### The data
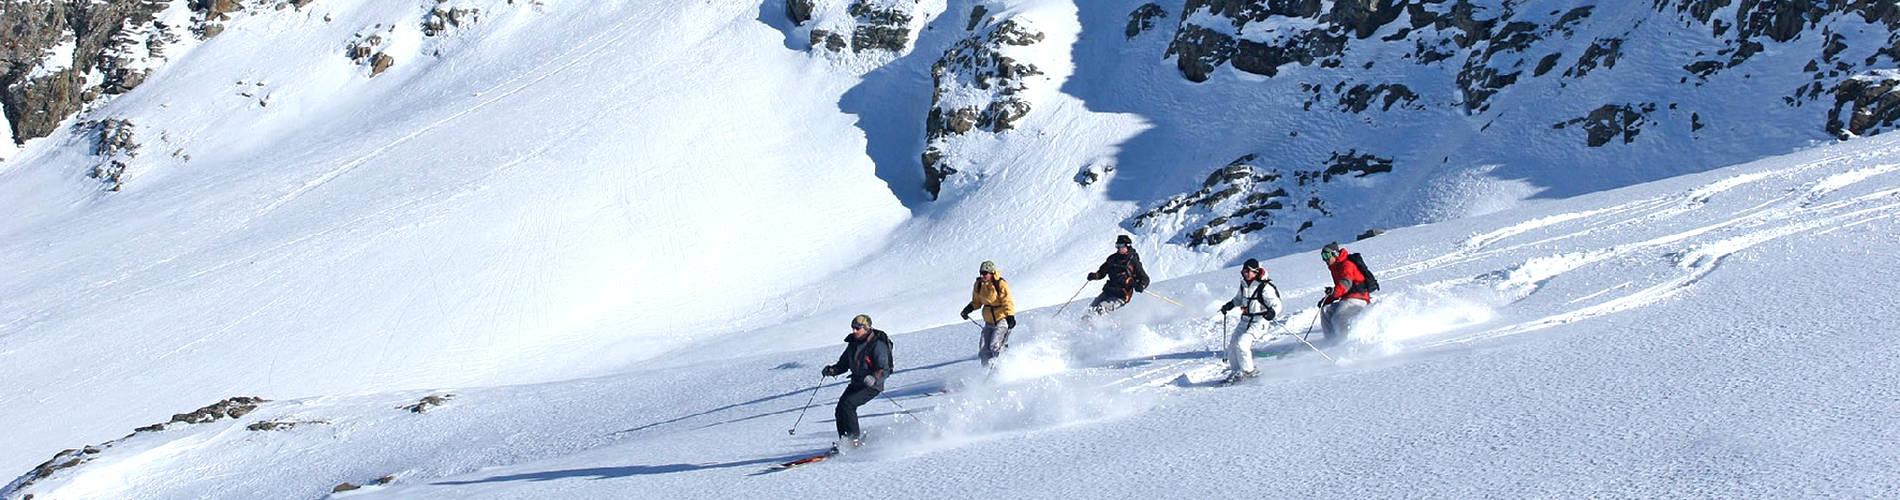 chalets_font_romeu_huttopia_activites_ski_descente
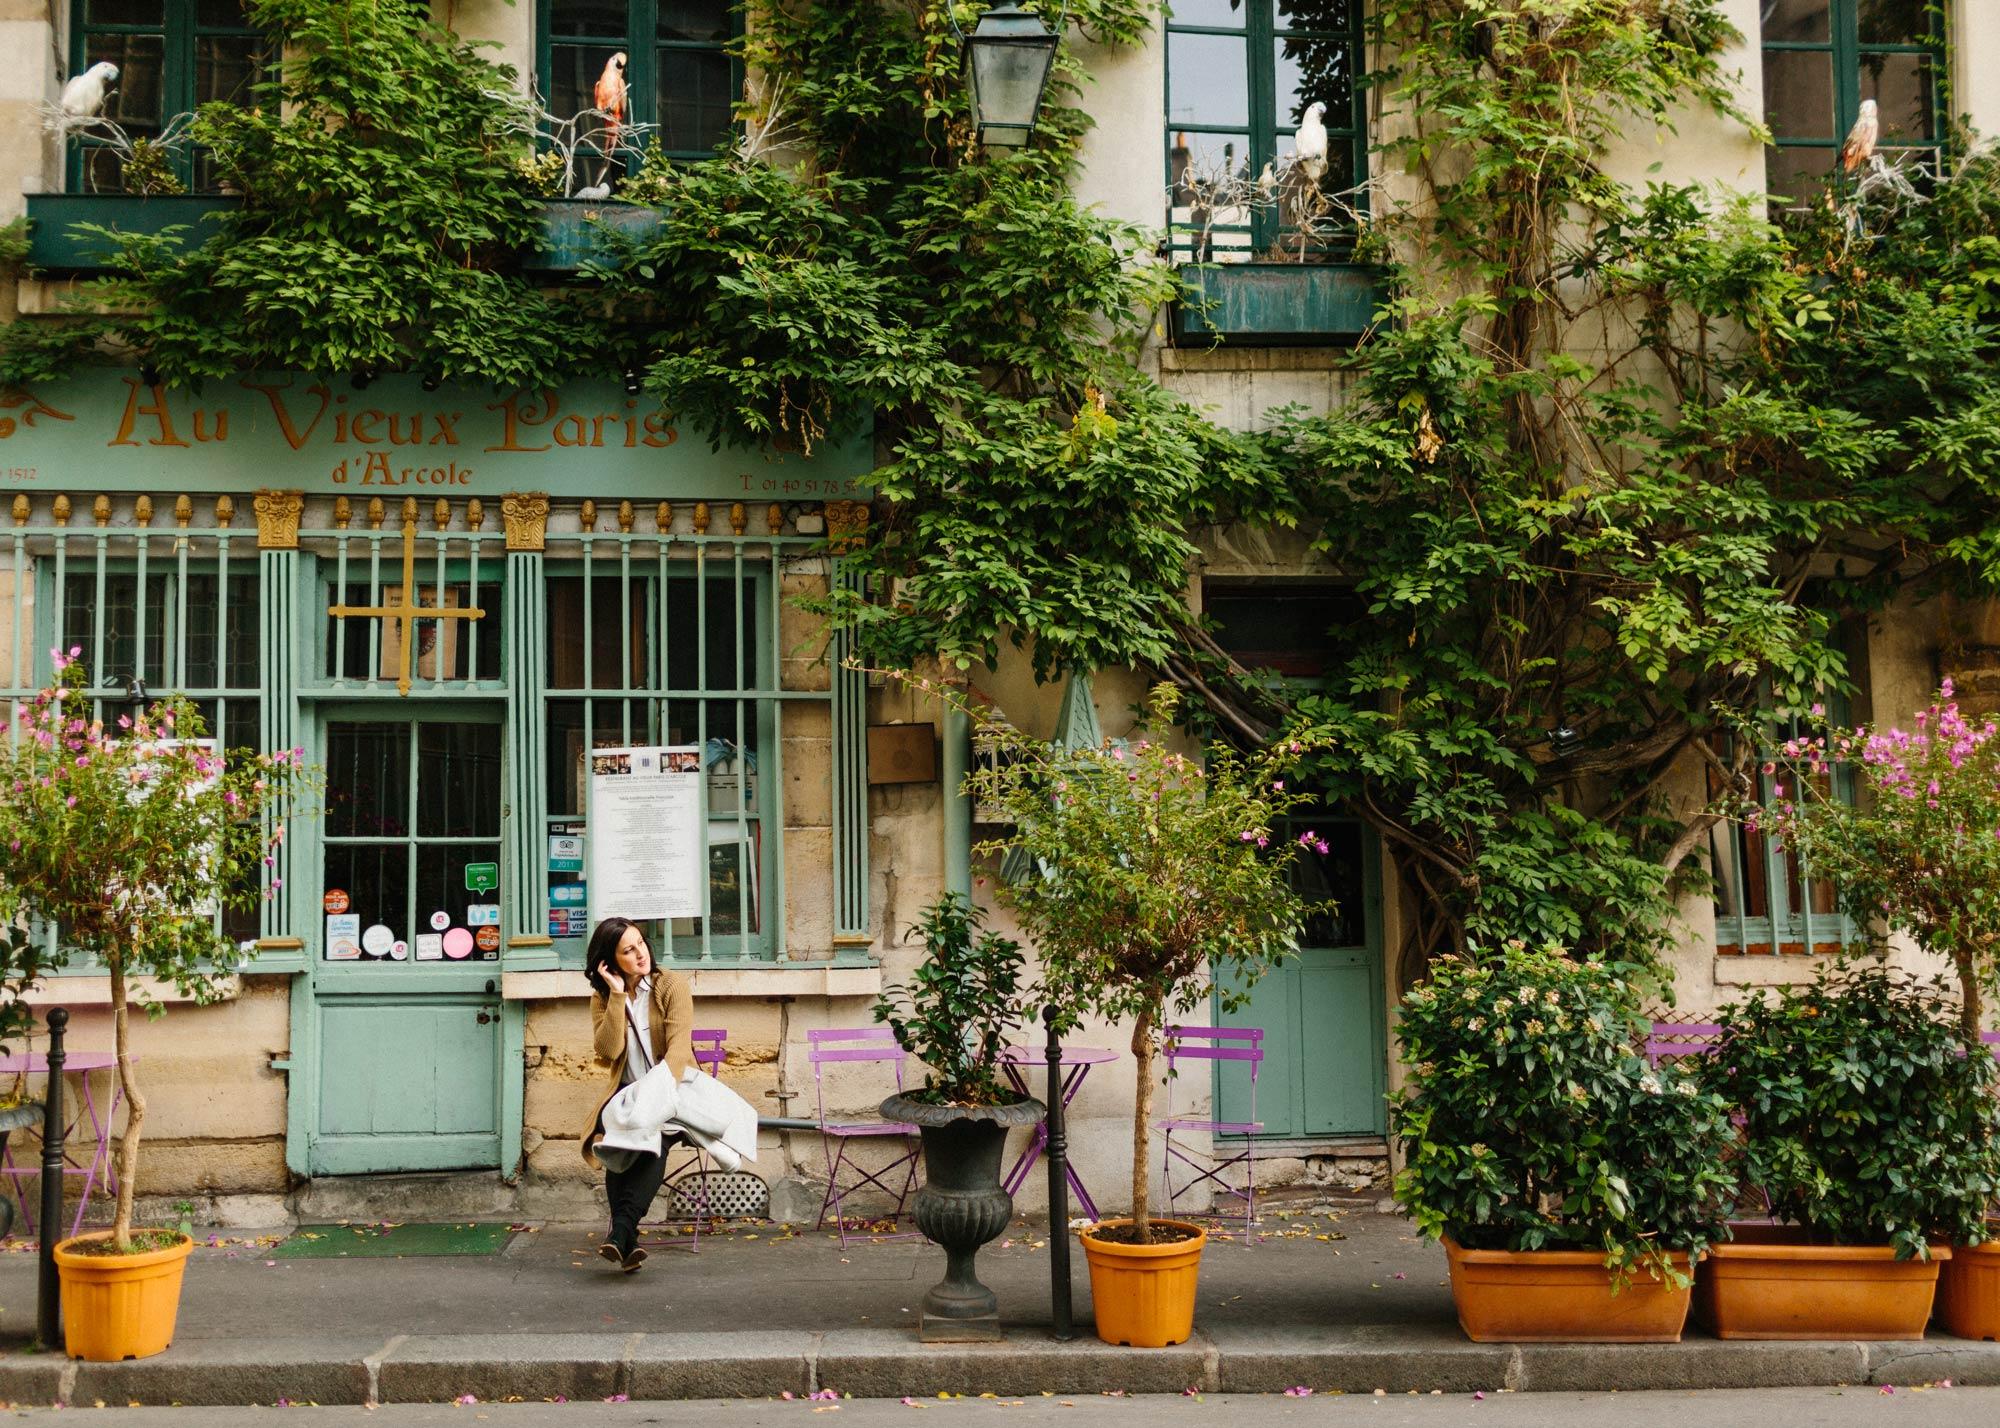 Paris Cafe Travel Photography
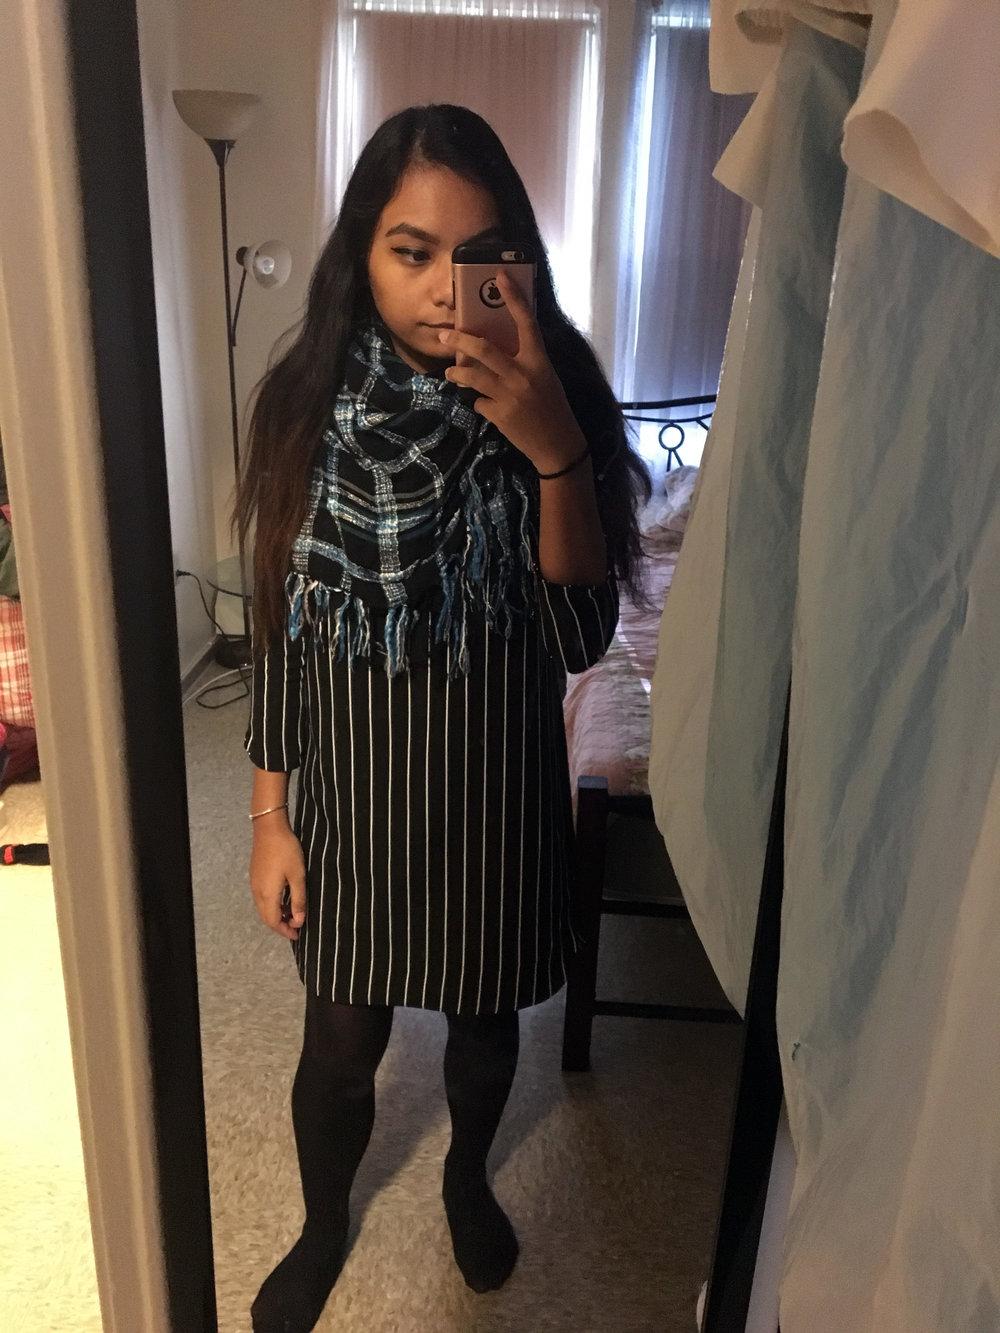 Black-White-Striped-Dress-Blogger-Style-LINDATENCHITRAN-1-1616x1080 .jpg
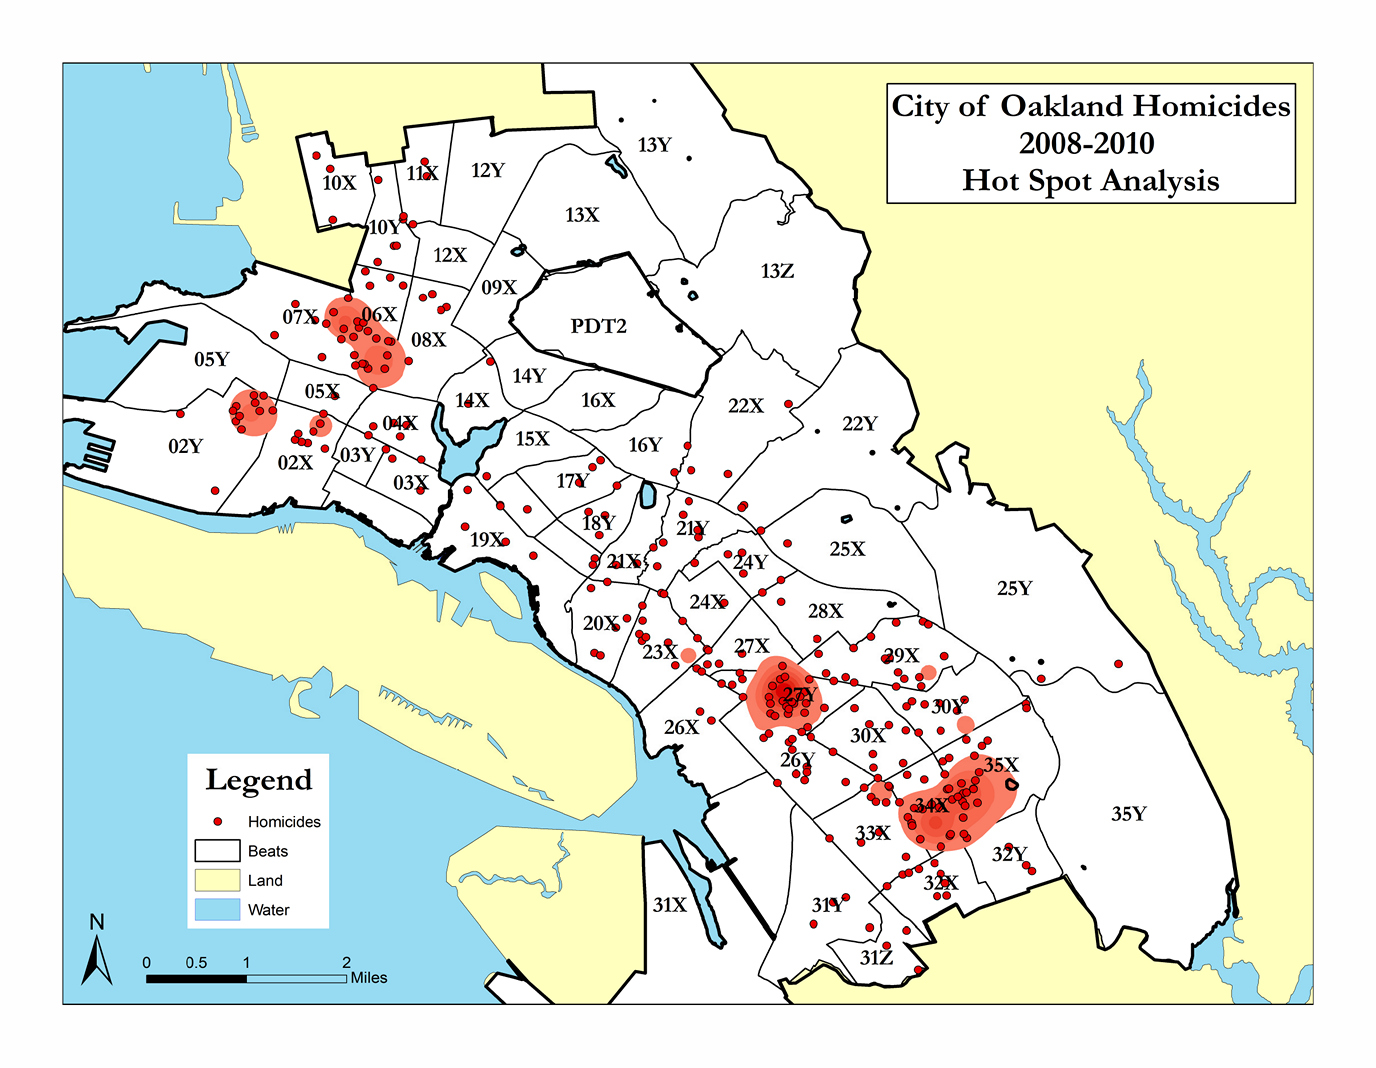 homicides_2008-10_map-1

### Aim of the task
The answer is the full listing above, reproduced character for character, minus its images.

### Answer to the exercise
 chalets_font_romeu_huttopia_activites_ski_descente
 Paris Cafe Travel Photography
 Black-White-Striped-Dress-Blogger-Style-LINDATENCHITRAN-1-1616x1080 .jpg
 homicides_2008-10_map-1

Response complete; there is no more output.